### DATA EXTRACTS
=== Begin Enclosure ===

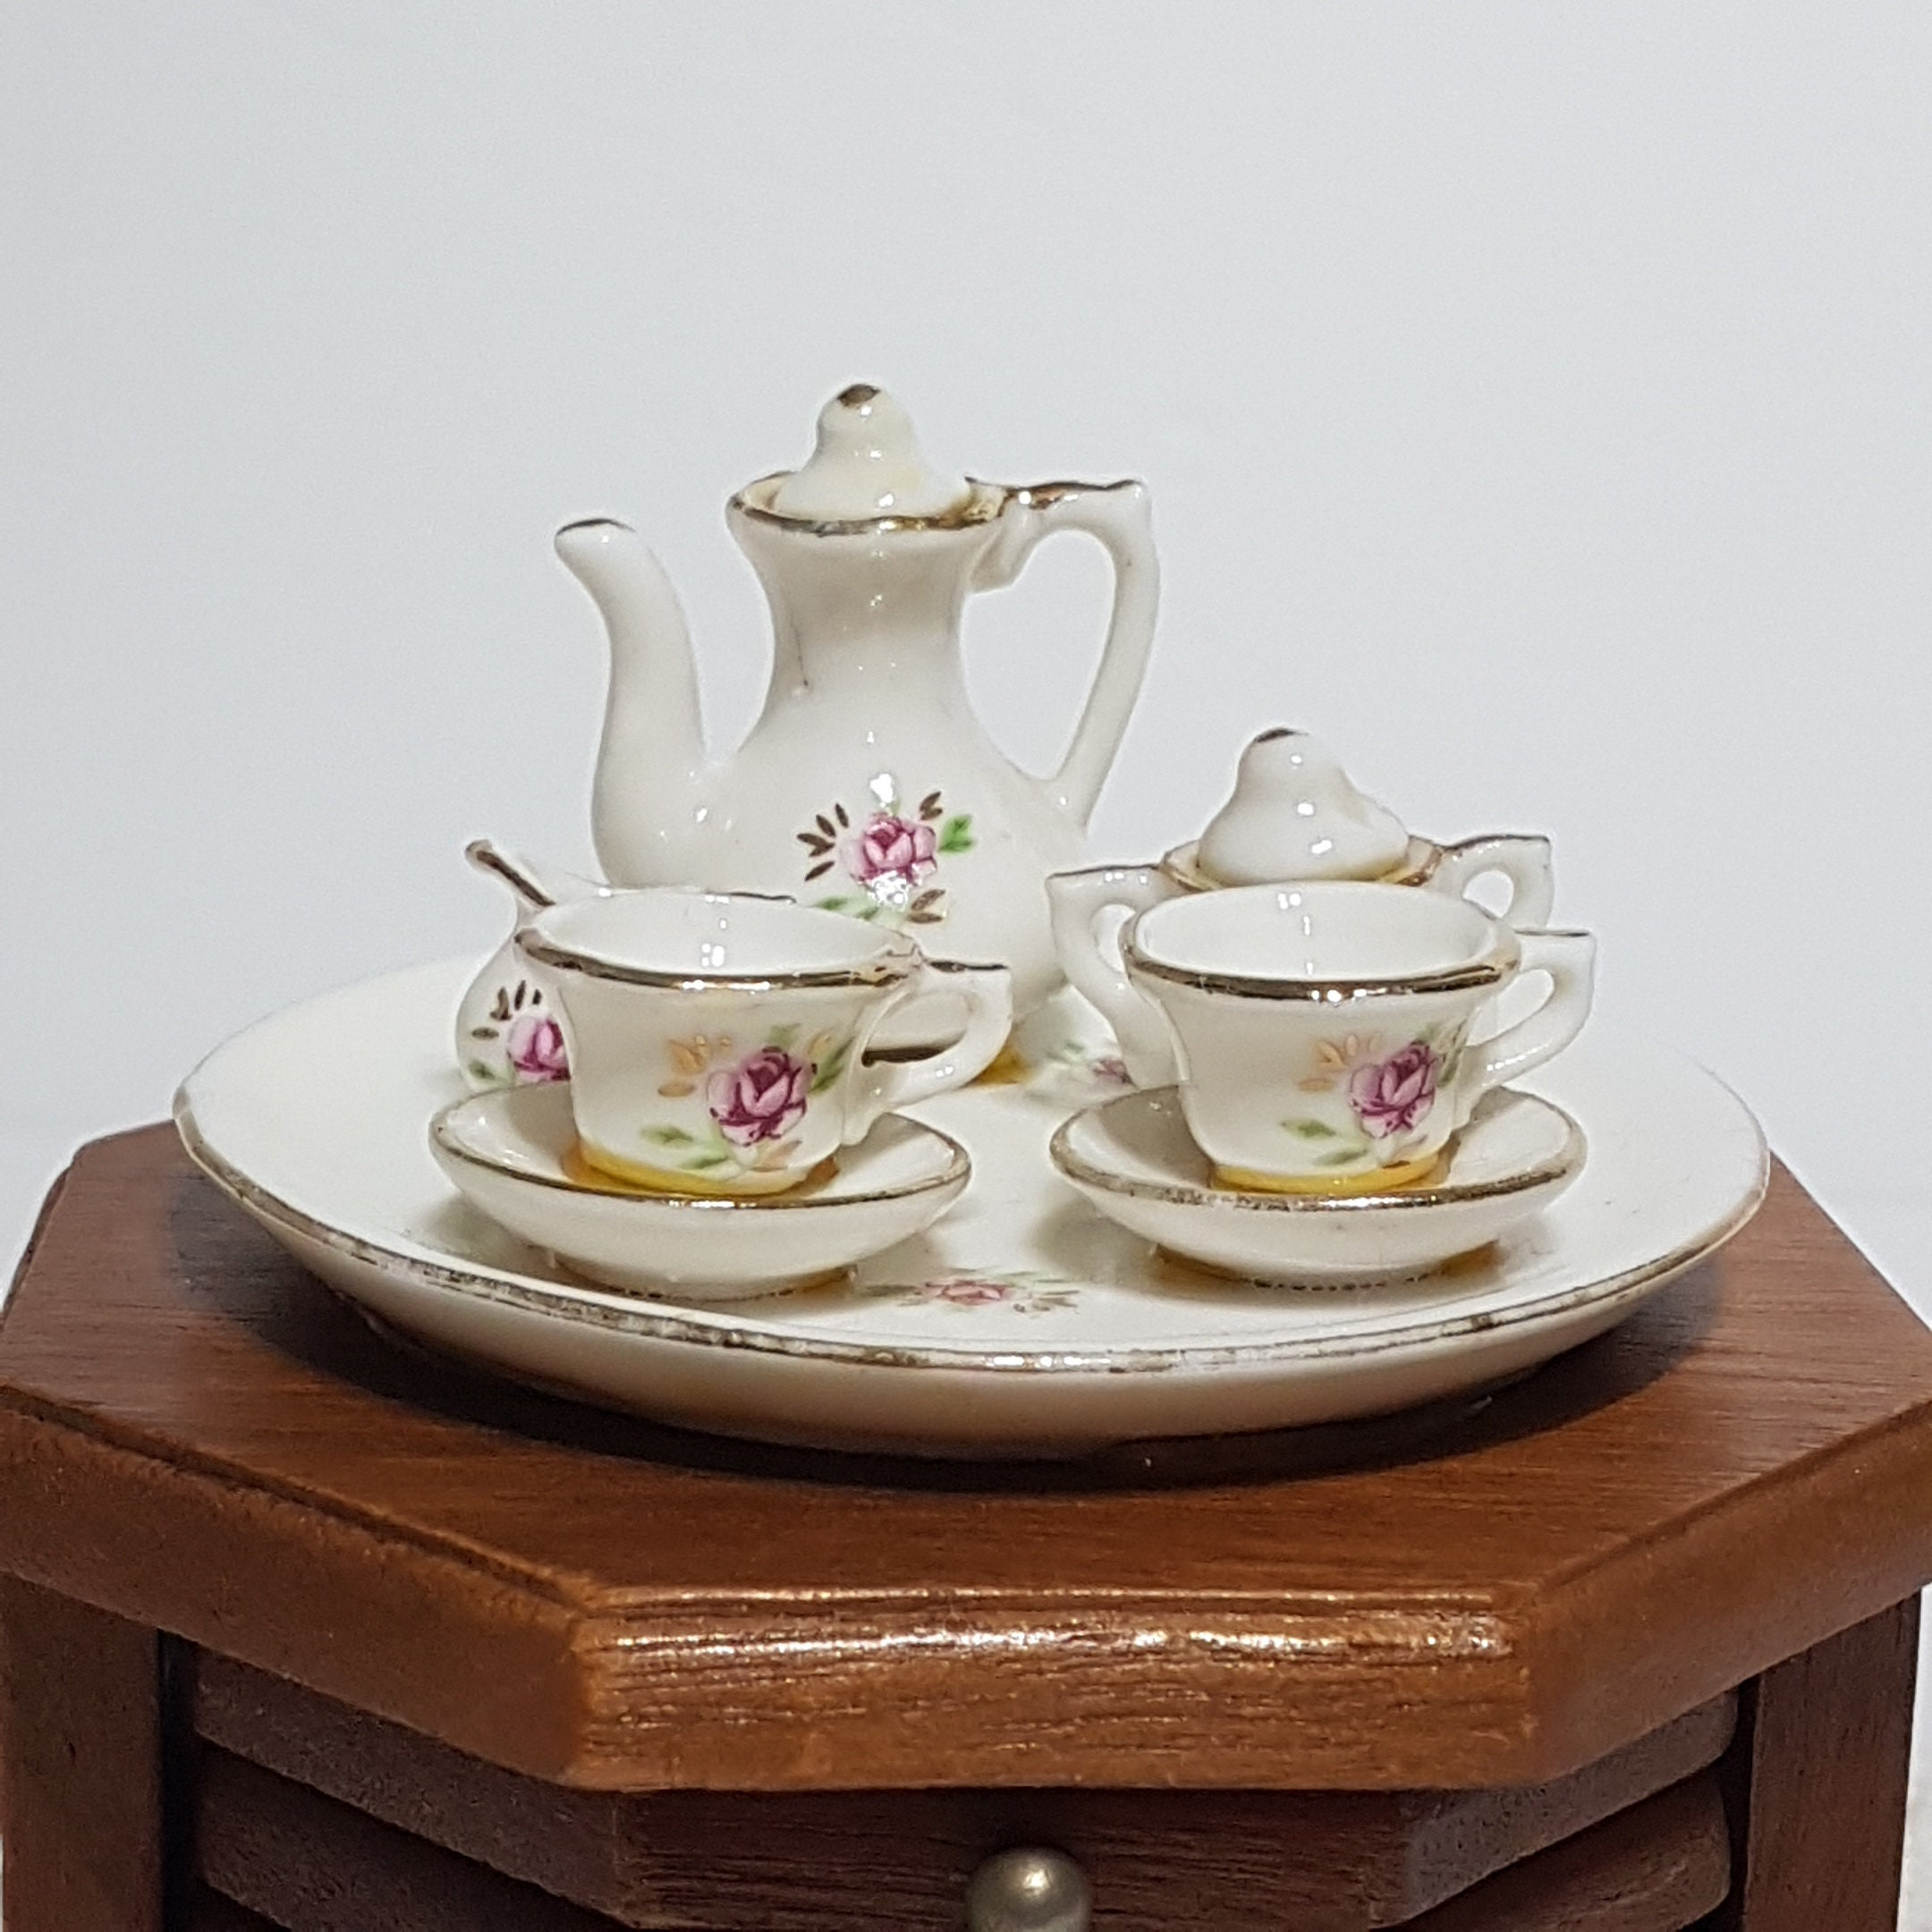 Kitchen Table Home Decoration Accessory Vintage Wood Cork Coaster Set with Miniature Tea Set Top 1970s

=== End Enclosure ===
=== Begin Enclosure ===

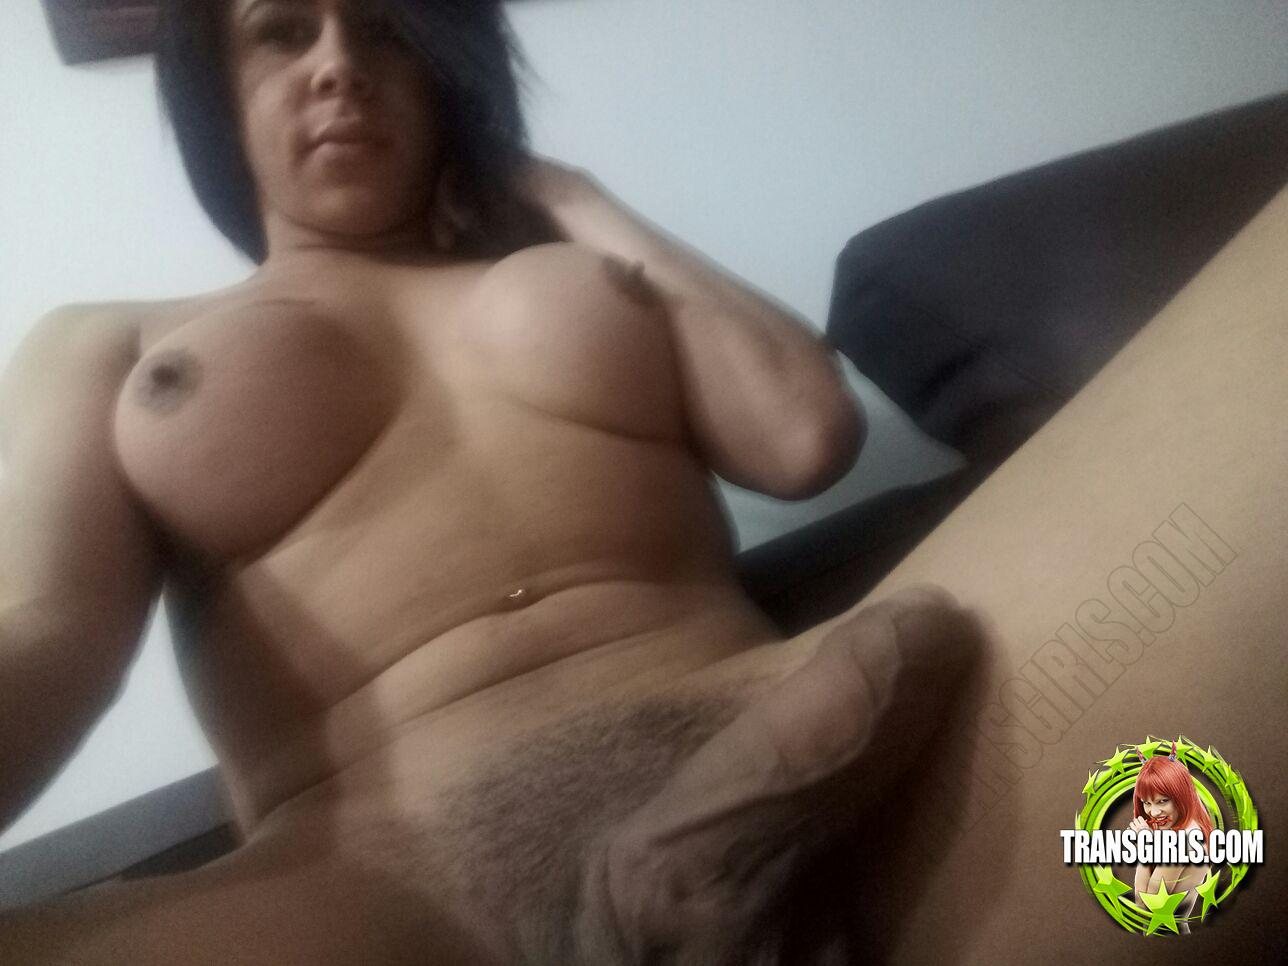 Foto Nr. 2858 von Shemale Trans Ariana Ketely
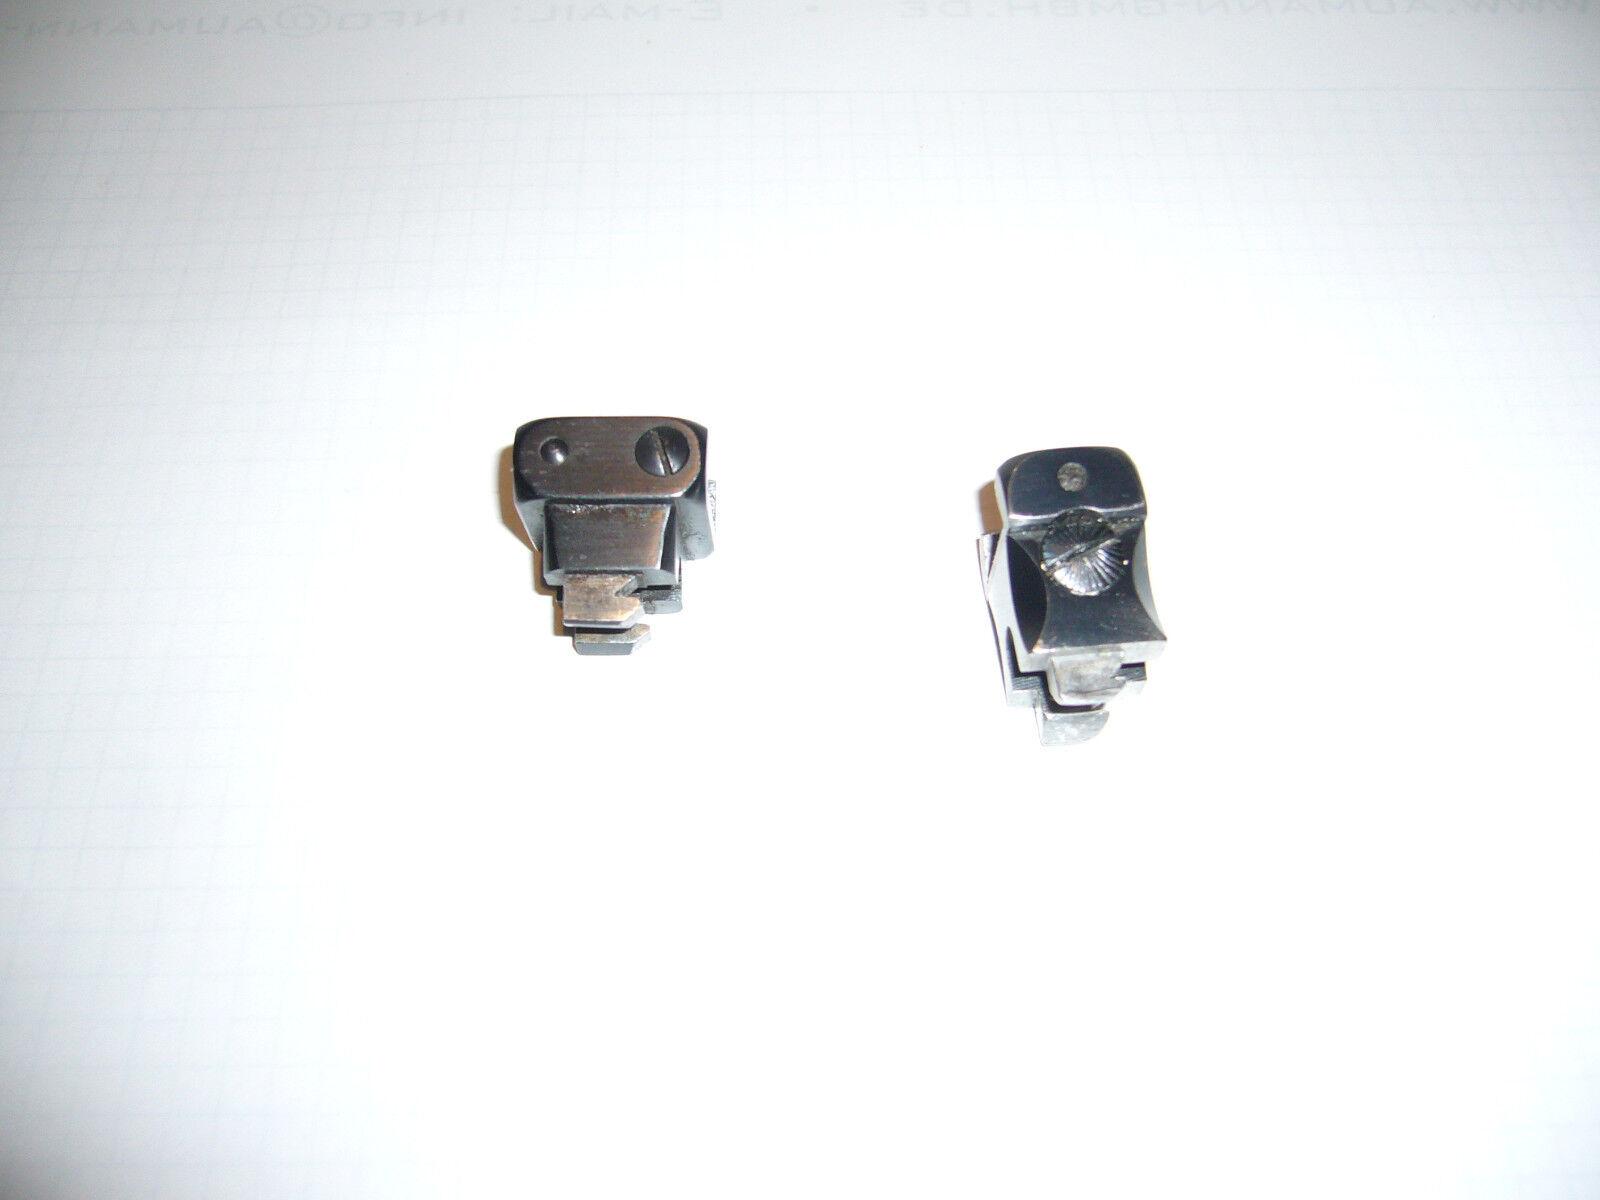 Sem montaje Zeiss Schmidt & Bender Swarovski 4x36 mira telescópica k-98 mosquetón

=== End Enclosure ===
=== Begin Enclosure ===

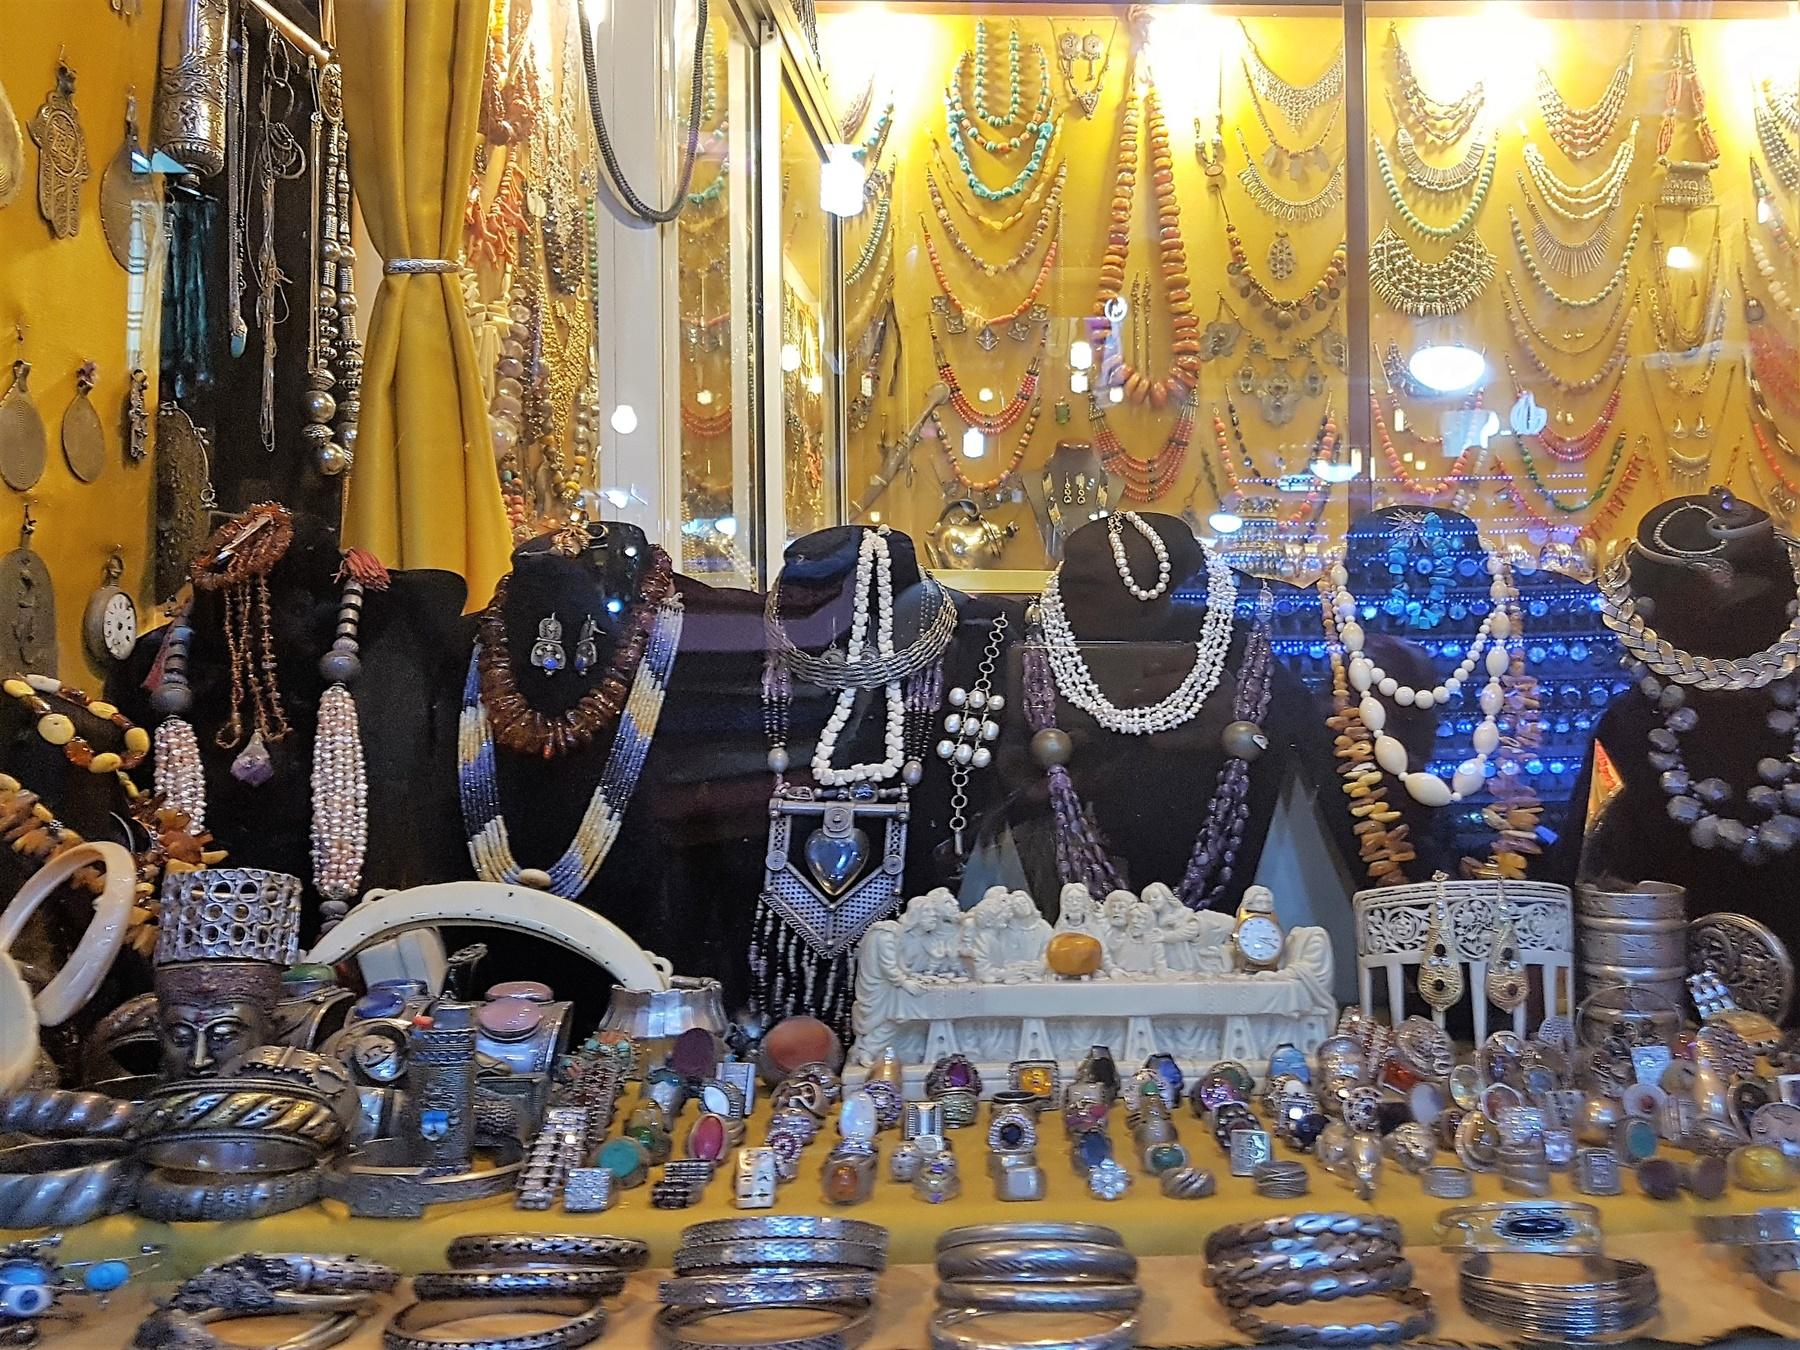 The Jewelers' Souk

=== End Enclosure ===

Look above for the line containing "Foto Nr. 2858", then write out every line from there down to the line containing "Sem montaje Zeiss", that line included, with no pictures.

### WRITTEN ANSWER
 Foto Nr. 2858 von Shemale Trans Ariana Ketely
 Sem montaje Zeiss Schmidt & Bender Swarovski 4x36 mira telescópica k-98 mosquetón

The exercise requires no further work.